Purpose : calculate NCS correlation map to define a mask
Package : RAVE
Reference(s) for this program:
* 1 * T.A. Jones (1992). A, yaap, asap, @#*? A set of averaging programs. In "Molecular Replacement", edited by E.J. Dodson, S. Gover and W. Wolf. SERC Daresbury Laboratory, Warrington, pp. 91-105.
* 2 * G.J. Kleywegt & T.A. Jones (1994). Halloween ... Masks and Bones. In "From First Map to Final Model", edited by S. Bailey, R. Hubbard and D. Waller. SERC Daresbury Laboratory, Warrington, pp. 59-66.
* 3 * G.J. Kleywegt & R.J. Read (1997). Not your average density. Structure 5, 1557-1569. [http://www4.ncbi.nlm.nih.gov/htbin-post/Entrez/query?uid=9438862&form=6&db=m&Dopt=r]
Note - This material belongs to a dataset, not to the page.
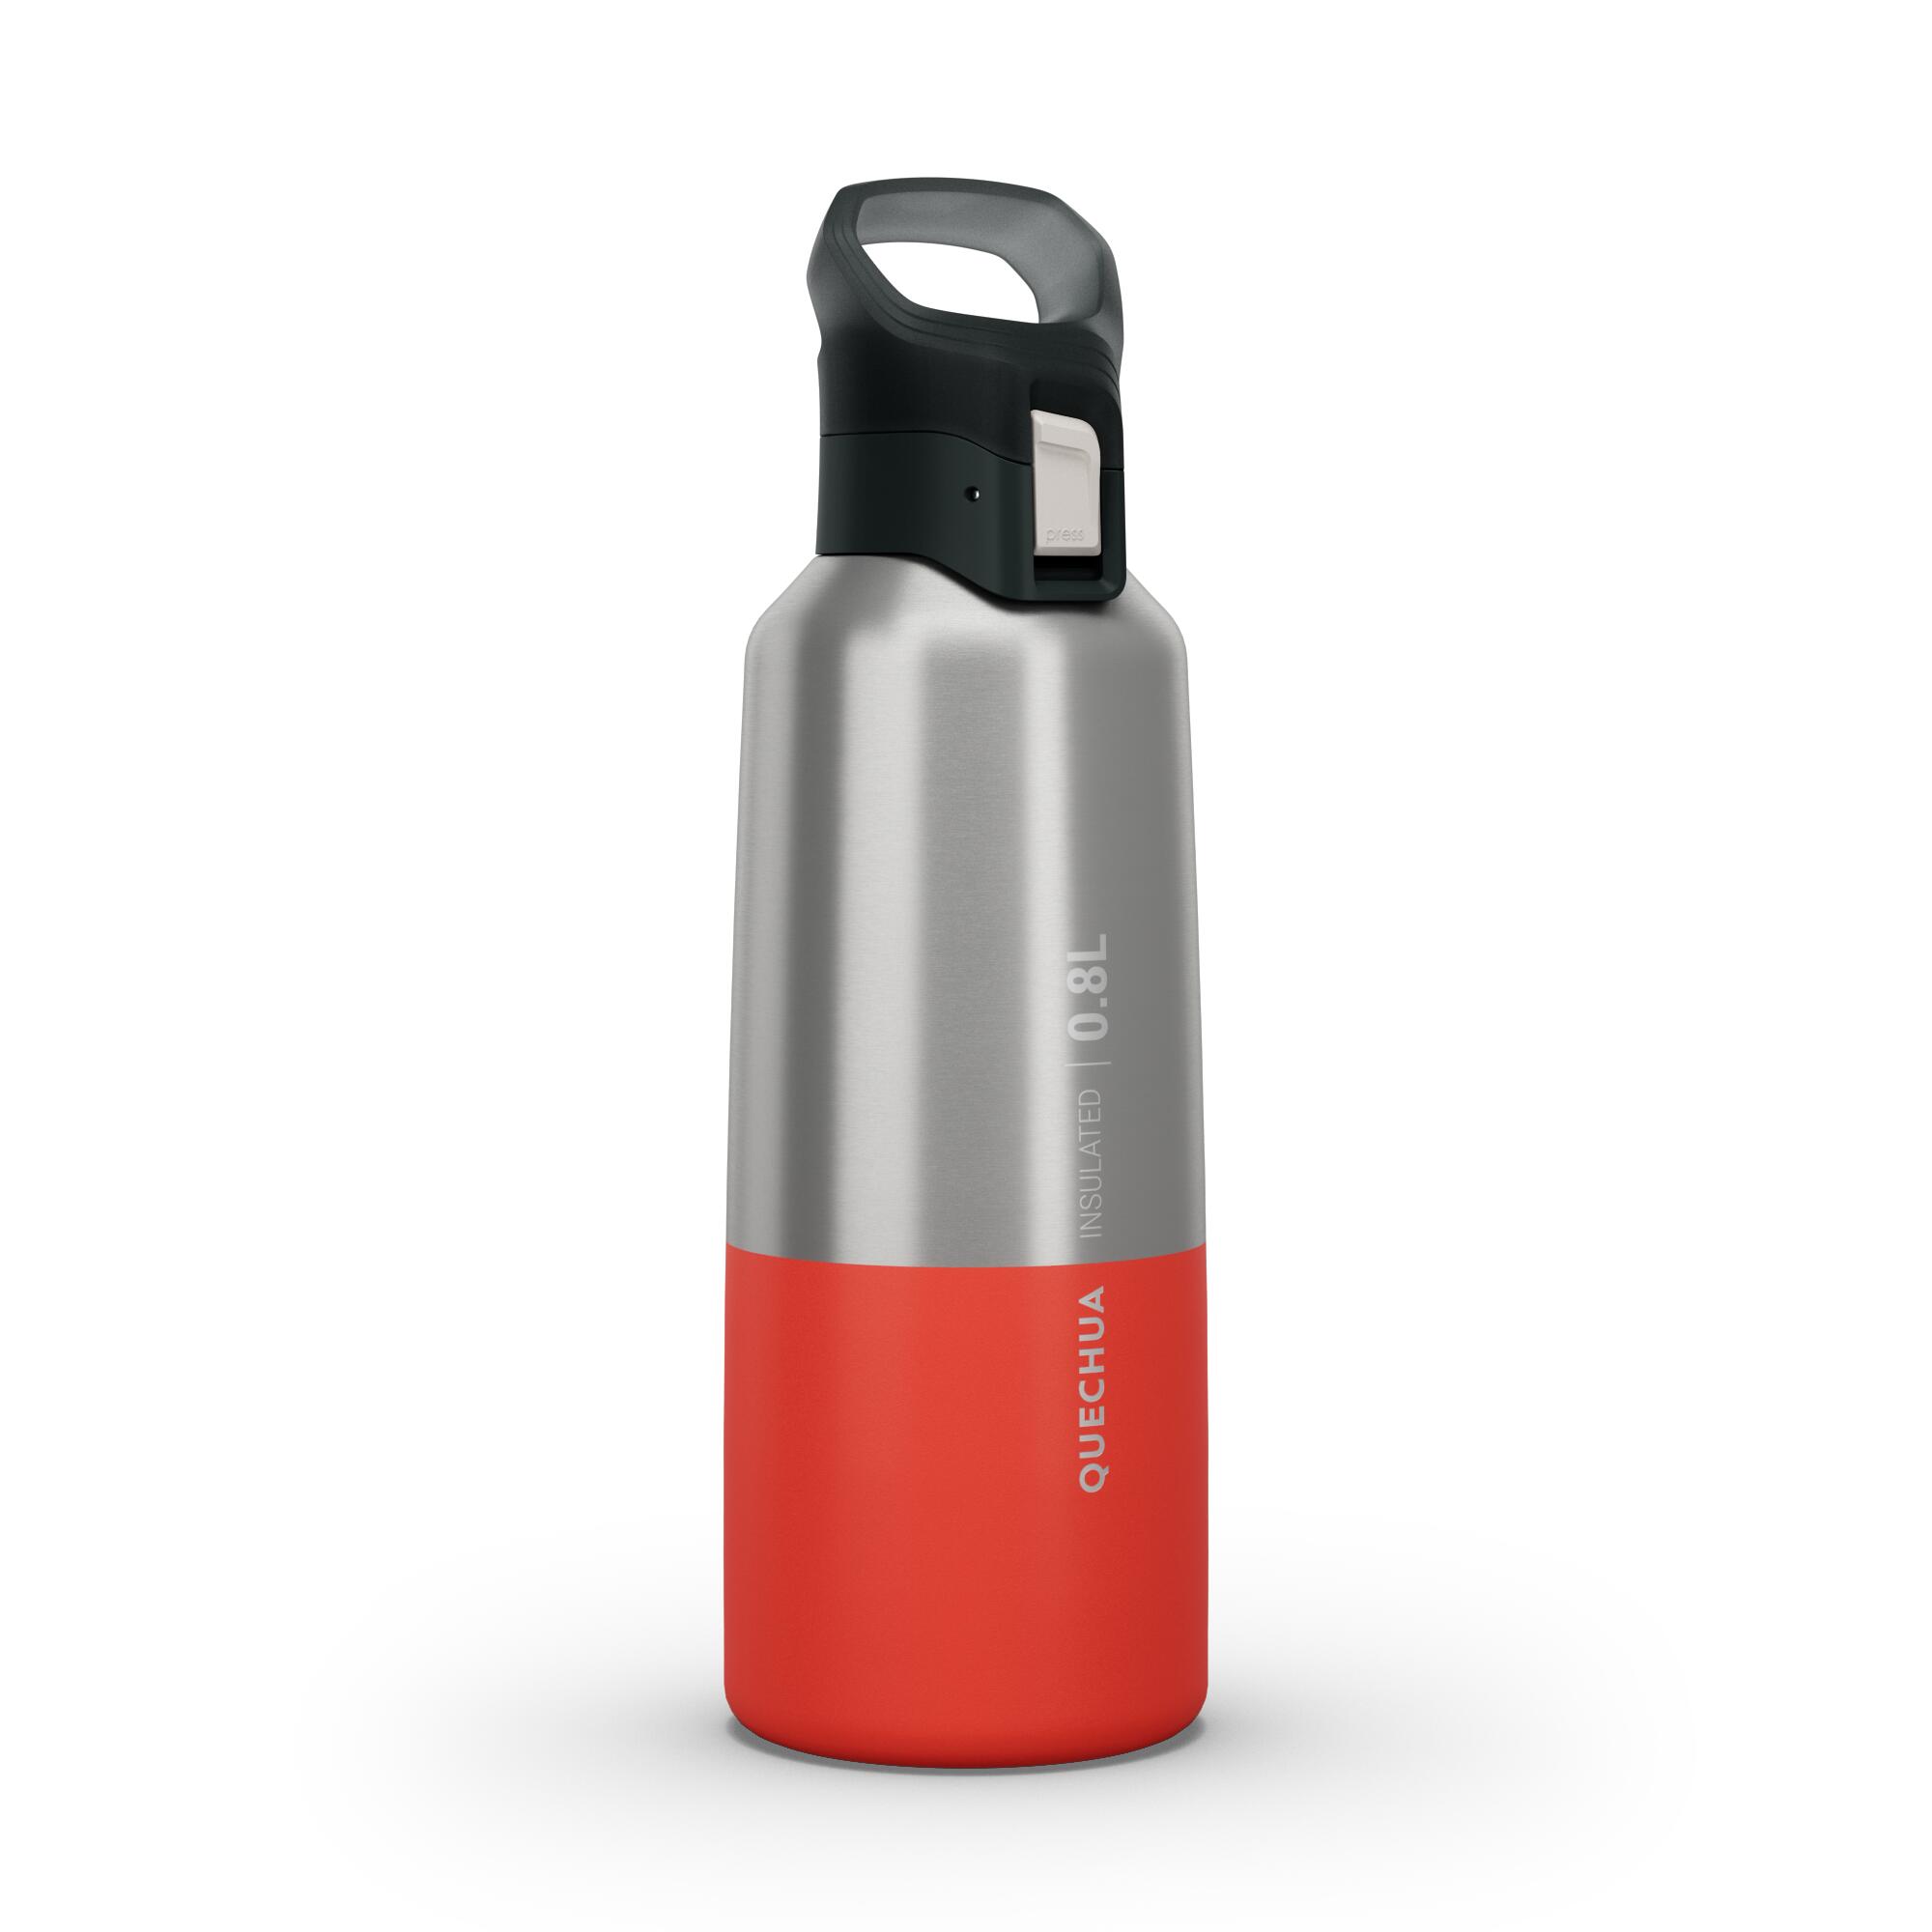 0.8 L stainless steel water bottle with quick-open cap for hiking - Red 19/35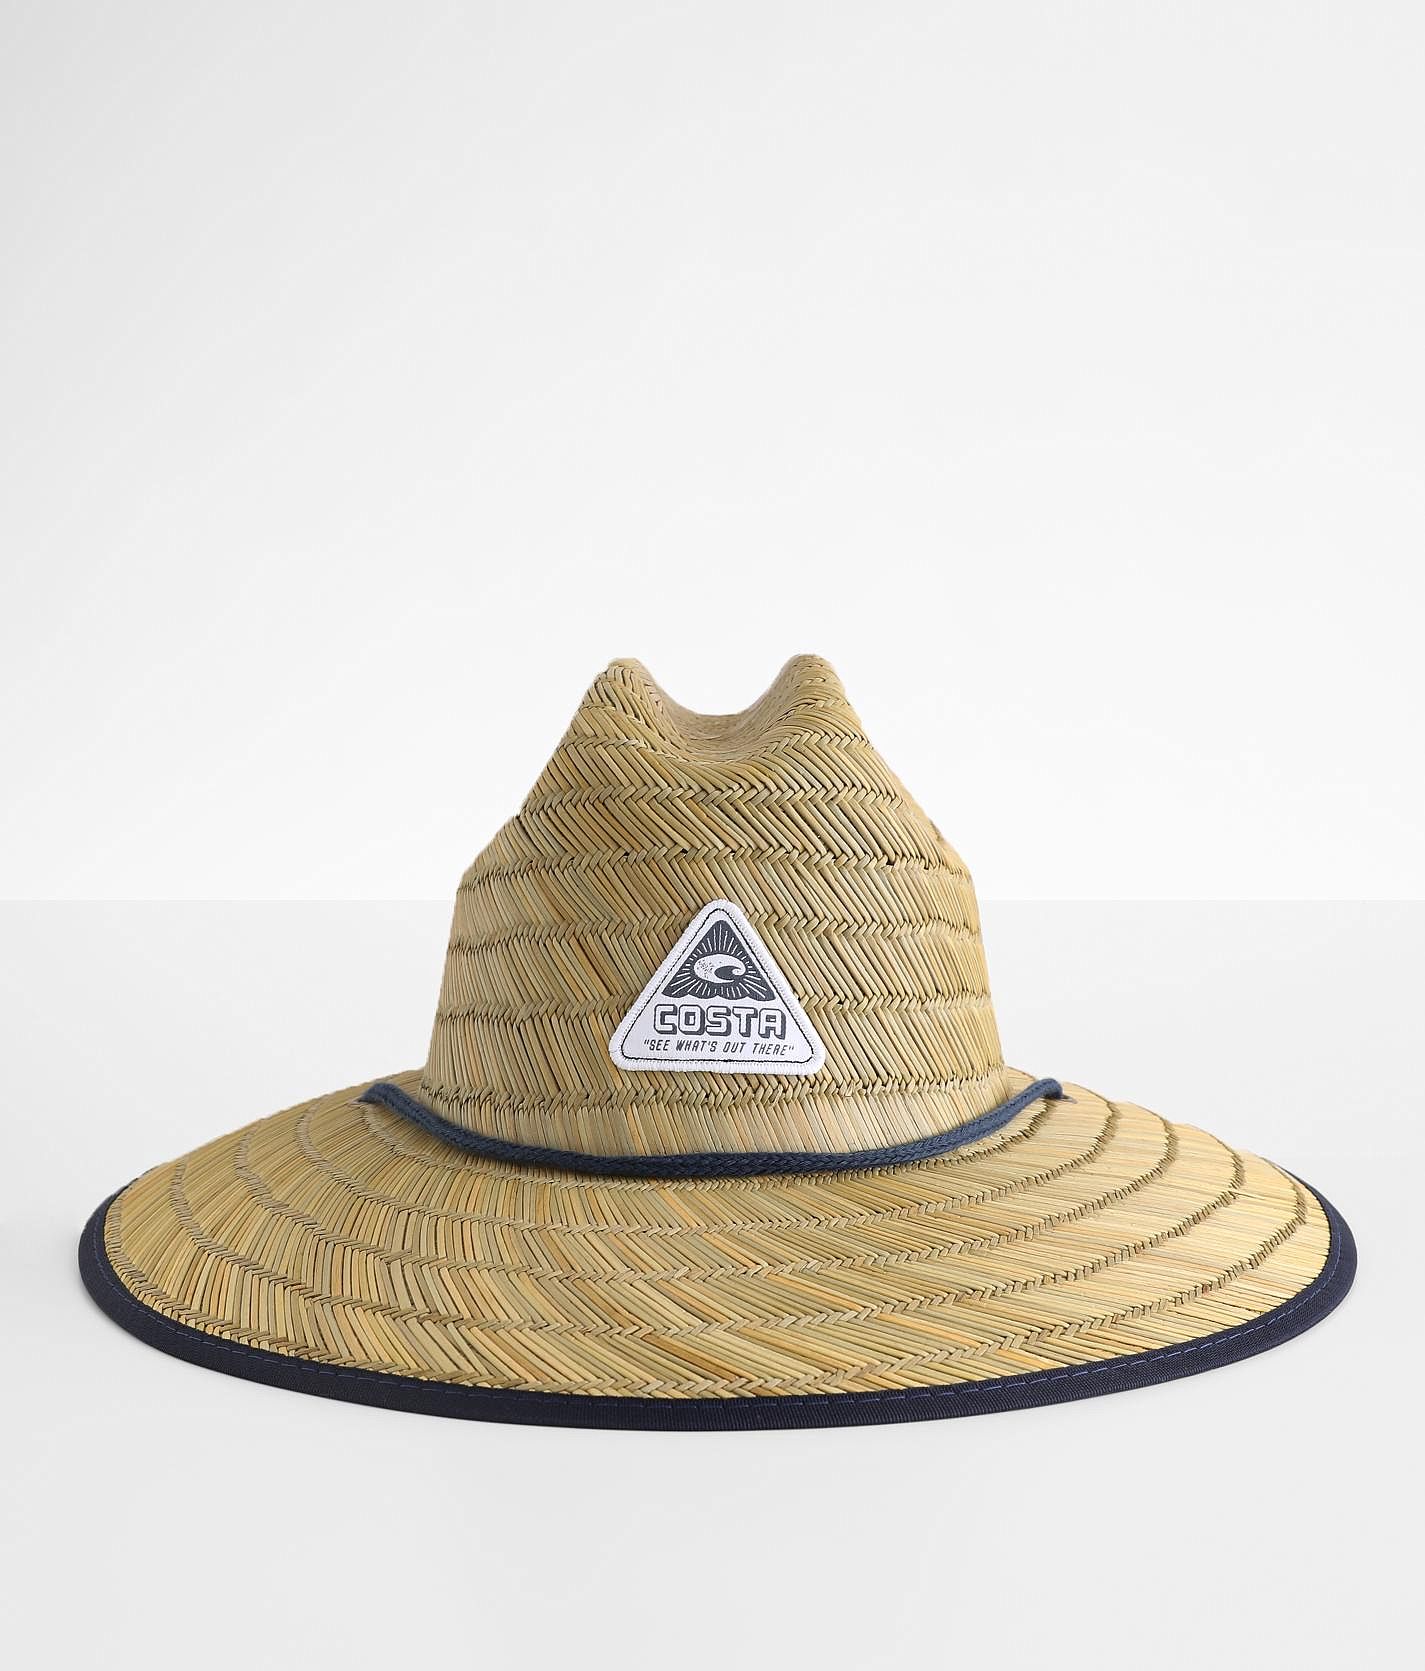 Costa® Swells Straw Hat - Men's Hats in Natural

* 4 * G.J. Kleywegt & T.A. Jones (2037 ?). Convenient single and multiple crystal real-space averaging. To be published ???
* 5 * G.J. Kleywegt & T.A. Jones (1998 ?). Software for handling macromolecular envelopes. To be published.
* 6 * G.J. Kleywegt (1998 ?). Local density correlation and ... To be published.
* 7 * G.J. Kleywegt & T.A. Jones (1999 ?). Chapter 25.2.6. O and associated programs. Int. Tables for Crystallography, Volume F. To be published.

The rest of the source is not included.